BDS installations that use fast-and-wide SCSI controllers with speeds of 20 MB per second (not UltraSCSI or Fiber Channel) must optimize the number of disks on a single SCSI bus. For example, a system containing four IBM drives with a transfer rate of 5 MB per second completely saturated a controller with a 20 MB per second transfer rate. The IBM drives provided by Silicon Graphics spin at about 7 MB per second on the outer zone and 5 MB per second on the inner zone. Assuming a transfer rate of 5 MB per second, it is apparent that 4 drives will completely saturate a single 20 MB per second controller.

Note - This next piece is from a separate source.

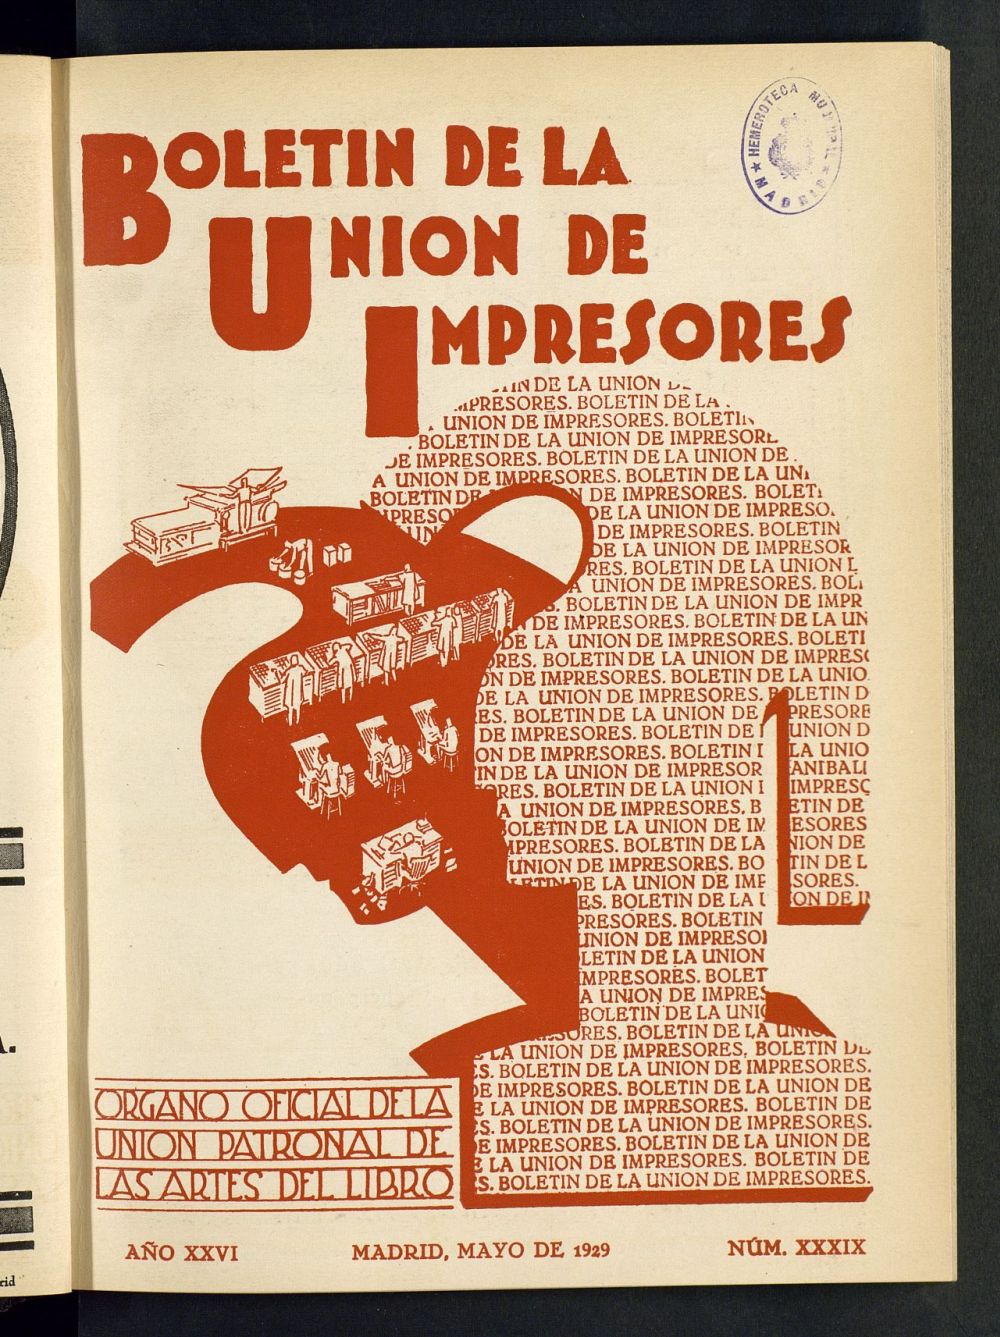 Boletn de la unin de impresores : rgano de la unin patronal de las artes del libro de mayo de 1929

Silicon Graphics provides SCSI boxes with an eight-drive capacity that are configured for one SCSI channel. This single channel configuration is inefficient for BDS— one channel can service only four of the disks before the maximum bandwidth is reached (4 disks @ 5 MB/disk/second = 20 MB/second). To optimize a factory-shipped SCSI box for BDSpro, reconfigure it from a single-channel to a two-channel device. A SCSI box with two channels offers twice the bandwidth and the additional channel can service the remaining four disks.

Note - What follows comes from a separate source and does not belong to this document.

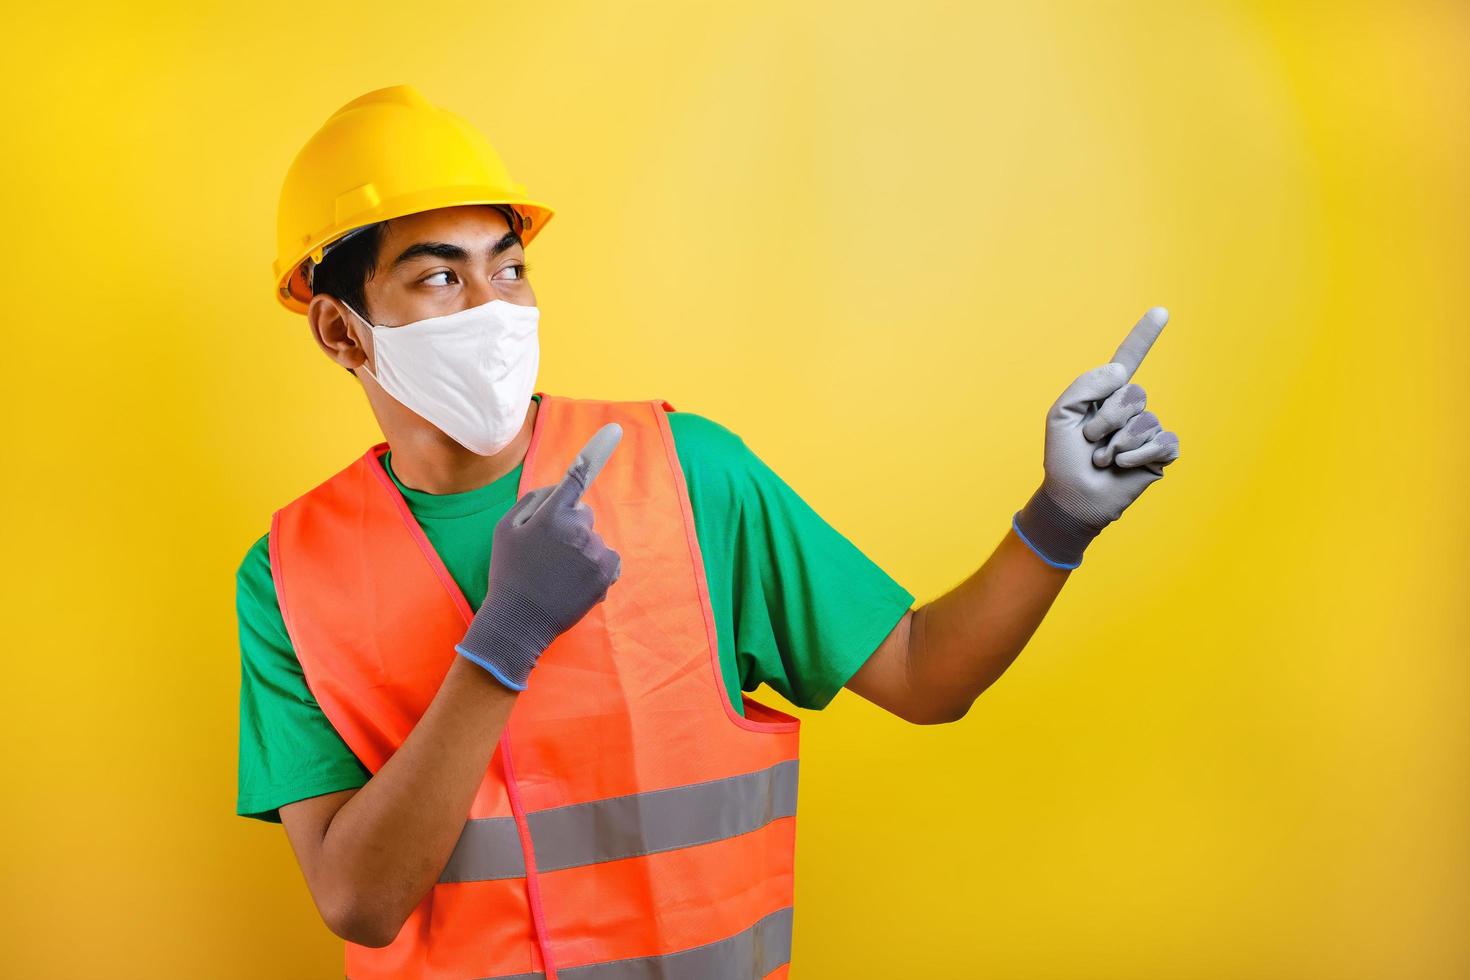 trabajador de la construcción asiático con máscara protectora que señala algo en su costado foto

For maximum sequential performance with the minimum number of disks, purchase more controllers and use one controller for every three or four disks.
The limit that IRIX imposes on the maximum size of direct memory access (DMA) operations affects XFS, since direct I/O is a DMA operation. In IRIX 6.5, the default maximum DMA size is 4 MB. Frequently, this limit must be increased on BDSpro servers to achieve optimum performance.
To change the maximum DMA size, reset the maxdmasz variable using systune (see the systune(1M) reference page).
The values of maxdmasz are expressed in pages, which are 16 KB on 64-bit systems. Change these values to the size that you need, and then reconfigure and reboot the server.
BDSpro performance is highly dependent on the local performance of XFS and XLV on the server system; BDS is superfluous when local filesystem speed (or network speed) creates performance bottlenecks. You can often correct filesystem performance by properly configuring disks and by setting the correct size for direct memory access operations.
To measure local XFS performance, use lmdd commands similar to those shown below. If you determine that the results are inadequate for a BDS implementation, follow the tuning recommendations in “Tuning XLV Performance,” which follows.
This command creates testfile, a 500 MB file with a transfer size of 4MB; the return message confirms the new file:
server# lmdd of=/export/bds/local_xfs_file bs=4m move=500m direct=1 524.29 MB in 5.39 secs, 97.21 MB/sec |
This command performs a direct read on testfile with a transfer size of 4MB; the return message shows the XFS transfer rate:
server# lmdd if=/export/bds/local_xfs_file bs=4m move=500m direct=1 524.29 MB in 3.79 secs, 138.15 MB/sec |
XFS uses a logical volume manager, xlv, to stripe data across multiple disk drives. On striped disks, large XFS requests are split and sent to each disk in parallel. The high sequential performance of XFS is attributable to this parallelism. (See Chapter 7 of IRIX Admin: Disks and Filesystems for more information.)
The size of data transfers is an important consideration in planning logical volumes. For example, assume that a logical volume contains ten disks and the stripe size is 64 KB. In this case, transfers of 640 KB or larger are required to get all drives running simultaneously. If the data transfer size is 320 KB, only five drives are active in an I/O operation. Because only half of the available disks are used, a transfer size of 320 KB is very inefficient, reducing the total performance by half. With proper striping of logical volumes, however, you can maximize disk performance.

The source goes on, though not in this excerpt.